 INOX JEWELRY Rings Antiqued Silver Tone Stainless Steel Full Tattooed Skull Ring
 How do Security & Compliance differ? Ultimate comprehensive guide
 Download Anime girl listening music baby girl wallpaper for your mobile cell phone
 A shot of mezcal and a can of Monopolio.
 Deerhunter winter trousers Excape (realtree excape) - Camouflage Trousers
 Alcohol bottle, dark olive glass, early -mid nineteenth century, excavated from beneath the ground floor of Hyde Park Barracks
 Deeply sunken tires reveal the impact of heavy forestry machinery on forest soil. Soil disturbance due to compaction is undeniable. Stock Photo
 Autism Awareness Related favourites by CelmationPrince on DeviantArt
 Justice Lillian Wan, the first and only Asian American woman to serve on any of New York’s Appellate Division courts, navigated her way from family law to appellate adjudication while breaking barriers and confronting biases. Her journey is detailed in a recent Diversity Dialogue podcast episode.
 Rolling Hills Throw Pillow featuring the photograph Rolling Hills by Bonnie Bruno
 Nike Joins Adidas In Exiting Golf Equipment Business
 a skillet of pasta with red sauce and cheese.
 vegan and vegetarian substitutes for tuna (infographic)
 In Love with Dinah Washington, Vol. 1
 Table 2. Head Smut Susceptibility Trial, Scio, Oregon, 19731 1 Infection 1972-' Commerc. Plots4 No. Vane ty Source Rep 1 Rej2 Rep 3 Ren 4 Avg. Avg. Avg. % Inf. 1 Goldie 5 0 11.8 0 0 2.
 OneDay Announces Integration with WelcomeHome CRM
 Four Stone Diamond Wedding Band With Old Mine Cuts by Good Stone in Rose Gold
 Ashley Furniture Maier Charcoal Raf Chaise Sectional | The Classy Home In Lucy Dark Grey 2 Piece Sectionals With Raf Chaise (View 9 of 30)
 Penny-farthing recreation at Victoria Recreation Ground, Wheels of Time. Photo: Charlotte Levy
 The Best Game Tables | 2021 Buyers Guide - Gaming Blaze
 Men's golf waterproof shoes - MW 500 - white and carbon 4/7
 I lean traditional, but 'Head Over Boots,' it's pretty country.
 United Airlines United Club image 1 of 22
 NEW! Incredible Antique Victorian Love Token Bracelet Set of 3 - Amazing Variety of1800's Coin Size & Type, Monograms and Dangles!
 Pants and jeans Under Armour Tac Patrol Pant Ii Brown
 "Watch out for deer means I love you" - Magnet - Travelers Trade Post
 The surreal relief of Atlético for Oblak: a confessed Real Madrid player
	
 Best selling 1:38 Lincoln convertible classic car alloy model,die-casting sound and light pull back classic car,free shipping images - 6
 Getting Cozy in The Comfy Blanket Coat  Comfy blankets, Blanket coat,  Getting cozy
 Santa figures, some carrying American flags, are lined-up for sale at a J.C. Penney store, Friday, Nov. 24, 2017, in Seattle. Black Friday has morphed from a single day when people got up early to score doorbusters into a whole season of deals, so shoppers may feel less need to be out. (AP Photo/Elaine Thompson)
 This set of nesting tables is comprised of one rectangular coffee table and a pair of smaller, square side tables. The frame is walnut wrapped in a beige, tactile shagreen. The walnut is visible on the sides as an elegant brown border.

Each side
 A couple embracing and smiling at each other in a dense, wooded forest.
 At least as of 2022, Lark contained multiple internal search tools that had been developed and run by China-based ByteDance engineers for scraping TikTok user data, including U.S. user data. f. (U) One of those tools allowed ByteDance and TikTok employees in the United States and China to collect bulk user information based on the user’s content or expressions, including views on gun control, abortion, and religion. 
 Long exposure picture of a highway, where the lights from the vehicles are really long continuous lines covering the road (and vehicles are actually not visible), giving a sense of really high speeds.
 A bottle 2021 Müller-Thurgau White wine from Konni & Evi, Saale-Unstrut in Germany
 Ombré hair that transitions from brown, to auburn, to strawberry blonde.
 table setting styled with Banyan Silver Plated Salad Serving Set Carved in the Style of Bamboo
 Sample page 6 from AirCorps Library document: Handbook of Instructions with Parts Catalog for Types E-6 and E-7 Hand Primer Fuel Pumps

★ ★ ★ ★ ★

- _About this task_: Count the lines of these entries that hold the string "forest", and give only that number.

- _Response area_: 2